Examples of common symptoms of long COVID include:
Tiredness or fatigue
Difficulty thinking or concentrating (sometimes called “brain fog”)
Shortness of breath or difficulty breathing
Dizziness on standing
Fast-beating or pounding heart (known as heart palpitations)
Joint or muscle pain
Depression or anxiety
Loss of taste or smell
This list is not exhaustive.
Some people also experience damage to multiple organs including:
Long COVID is a physiological condition affecting one or more body systems. For example, some people with long COVID experience:
Heart damage, (including inflammation of the heart muscle)
Damage to the circulatory system resulting in poor blood flow
Lingering emotional illness and other mental health conditions
Accordingly, long COVID is a physical or mental impairment under the ADA, Section 504, and Section 1557.

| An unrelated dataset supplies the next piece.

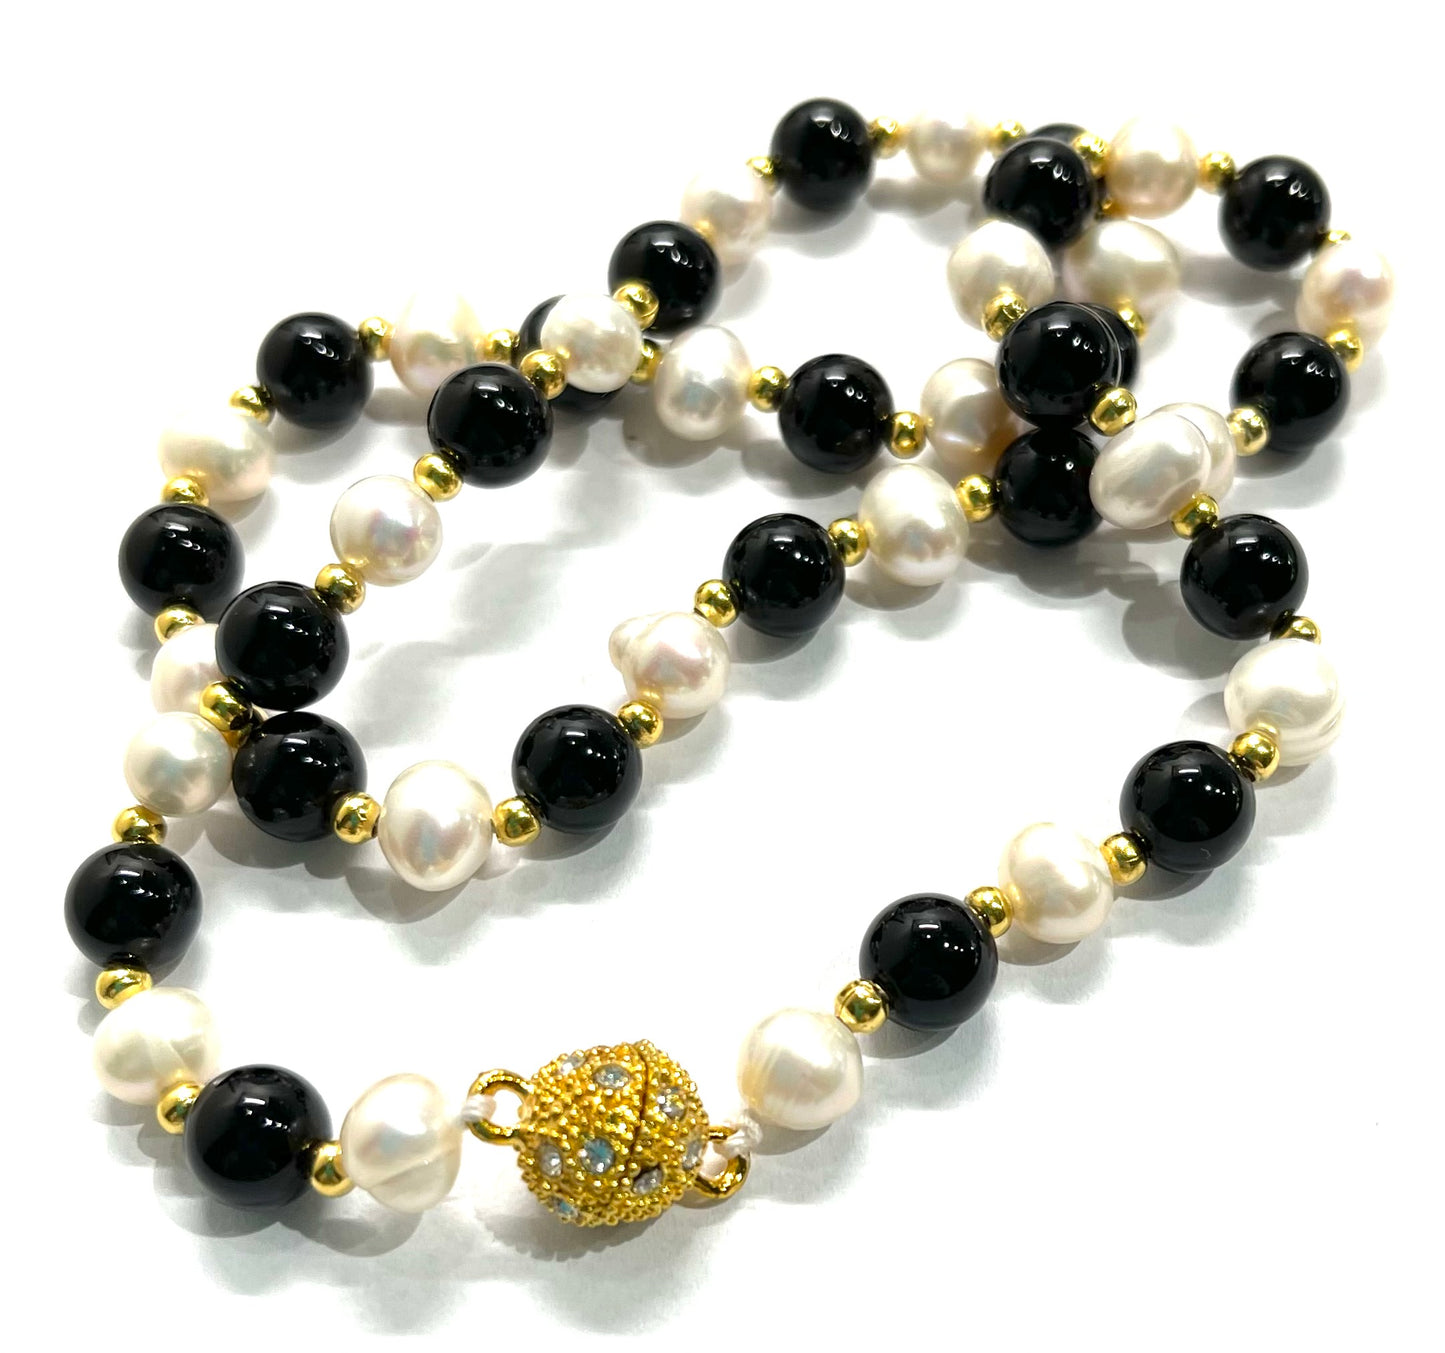 Dainty Black Onyx and Freshwater Pearl Gemstone Necklace 18”

Is long COVID always a disability?
An individualized assessment is necessary to determine whether a person’s long COVID condition or any of its symptoms substantially limits a major life activity. The CDC and health experts are working to better understand long COVID.
This guidance addresses the “actual disability” part of the disability definition. The definition also covers individuals with a “record of” a substantially limiting impairment or those “regarded as” having a physical impairment (whether substantially limiting or not). This document does not address the “record of” or “regarded as” parts of the disability definition, which may also be relevant to claims regarding long COVID.